The father's image, his white T-shirt stained with blood after carrying his injured children out of the minefield where they and hundreds of others were playing, is stirring a public debate on the topic.
But mines have been claiming casualties all along. Most victims are Druze, residents of a handful of villages that remained after Israel captured the Golan Heights from Syria in 1967. Natives of the region, they might know what places to avoid but mines get dislodged over years and move. It's worse in the south, where sandy topsoil washed away in violent flash floods moves mines too. Last year, a hiker was gravely injured in a Golan minefield with a few friends. The army's famed airborne rescue and evacuation unit was called to airlift the wounded man from the field but the rescue turned into a tragedy when the cable detached and the victim was dropped to his death.
The army regularly maps and maintains the minefields, even on a daily basis, but concedes that fences and signs need upgrading. And it agrees that some can be cleared, presumably those around non-military installations. But it prefers civilian bodies to bear responsibility. Besides being dangerous to remove, clearing mines is hugely expensive, explains Pini Dagan, who after a long army career in the field now owns a company that handles all types of ordinance and munitions, including landmines. The insurance is very high, the equipment very expensive. Dagan says there are millions of mines in Israel. Other estimates are lower.
Does Israel need them? Depends who you ask.
Today's Golan is different from that of 40 years ago, says Eli Malka, regional mayor who has repeatedly appealed to the army to clear some minefields in favor of development. Three million people visit the region every year; it is the country's most toured area. After despairing of the army's help, the regional council hired a civilian contractor to clear a minefield to expand a community. It cost them 2.5 million Israeli shekels. They still can't use the land, he says; the army won't sign off on it because it didn't approve the company.
Jerry White was a 20-year-old East Coast college kid studying in Israel when he lost his leg hiking through a Golan minefield 25 years ago. He is among the founders of Survivor Corps and a co-recipient of the Nobel Peace Prize in 1997 awarded to the International Campaign to Ban Landmines. He's pushing for Israel's compliance with international treaties or, at the very least, with its own state comptroller's report that said a decade ago that the minefields needed to be marked clearly on civilian maps in all languages and that the hundreds of thousands of mines determined unneeded must be cleared.

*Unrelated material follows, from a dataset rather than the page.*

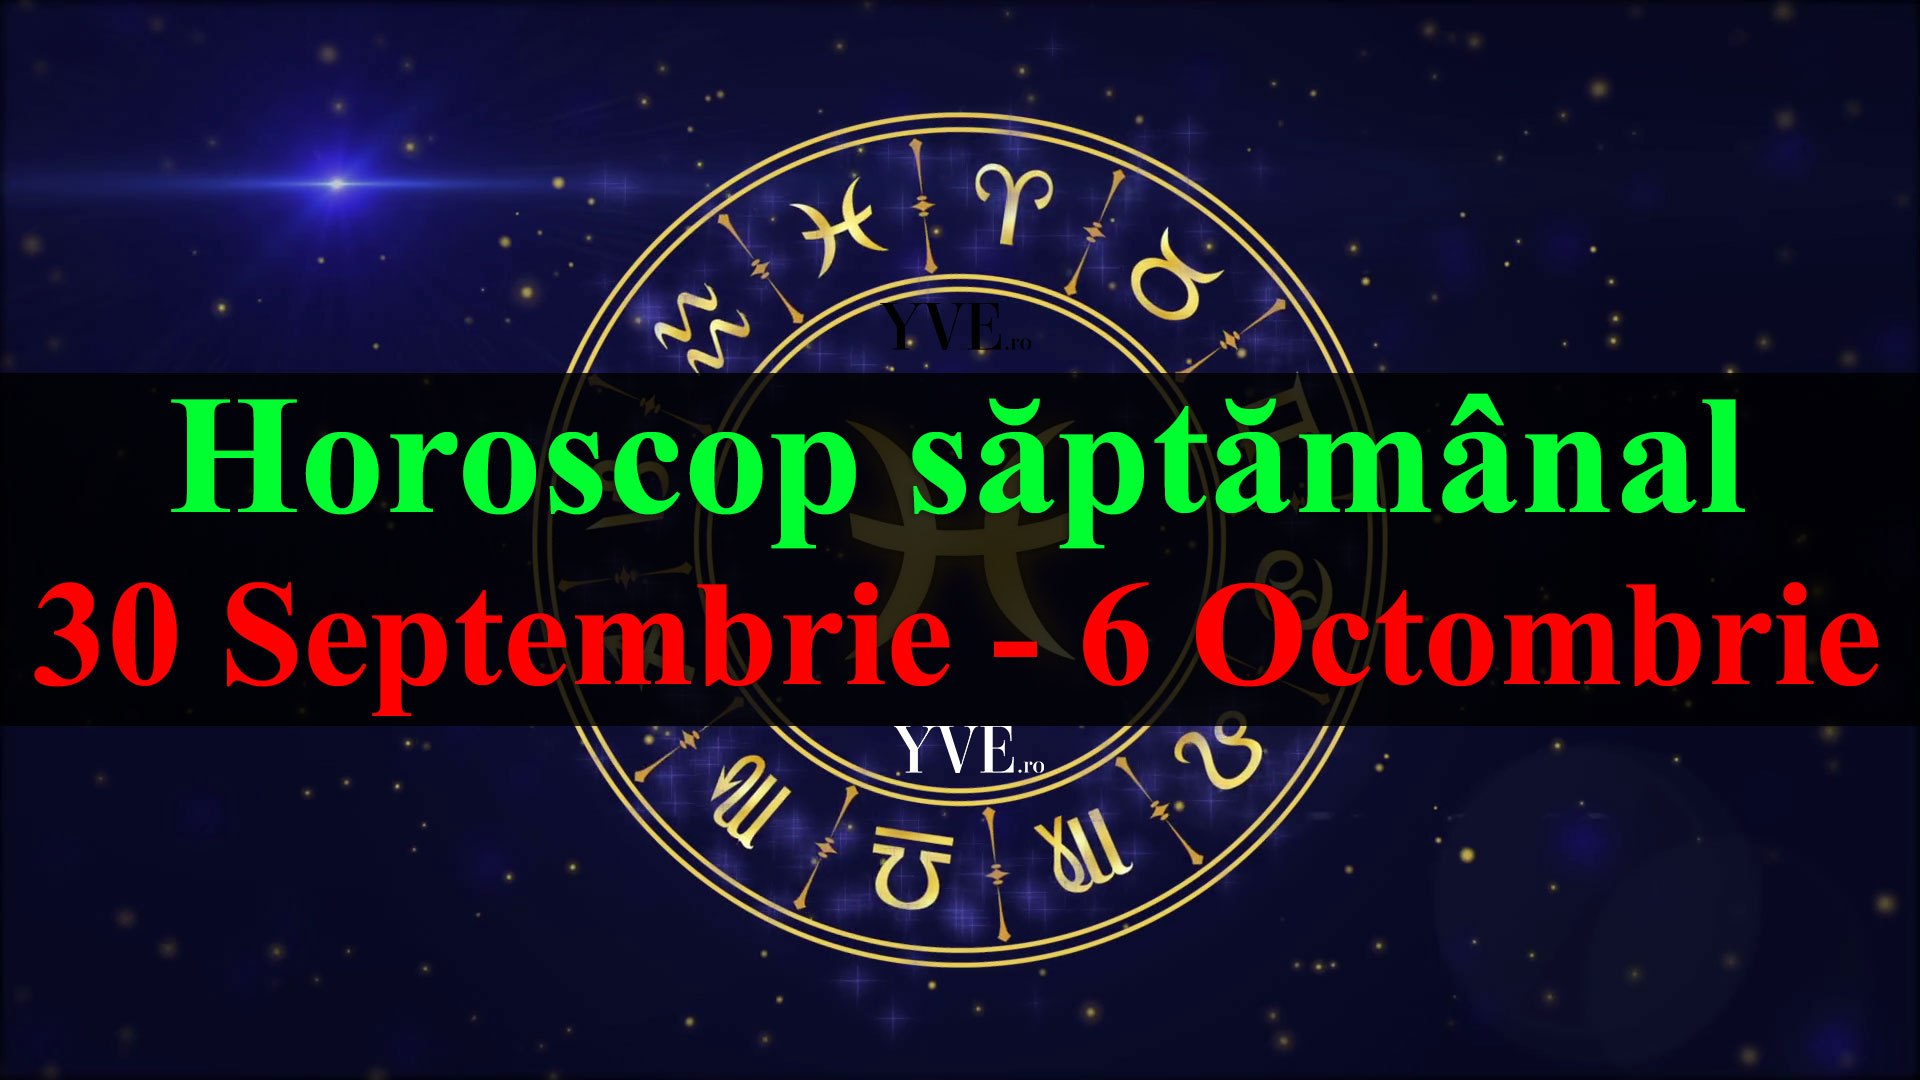 Horoscop saptamanal 30 Septembrie - 6 Octombrie 2019

Late last year, an Israeli named Dian Or joined their campaign to clear Israel of mines. Only 32 people have signed his online petition. No one in the world thinks this is a legitimate weapon anymore, he says, as mines invariably kill civilians, not soldiers and have no strategic value.
Others say some are indispensible.
Avidgor Kahalani commanded a tank battalion on the Golan in the 1973 war, for which he received the medal of valor. He knows the area inside-out and agrees that some minefields are unnecessary. But pointing to the same comptroller's report, he stresses that the Israeli mines serve a clear purpose of stalling an attack until reserves are called up and "we can't give them up" -- not on Mt. Avital, a strategic hilltop 800 meters from the border with Syria.
Yiftah Rontal, former ground force commander, says he hopes for the day Israel won't need mines on the Golan. "But from what I'm reading in the papers, I don't think that day is coming closer. Perhaps the opposite," he told the radio Sunday.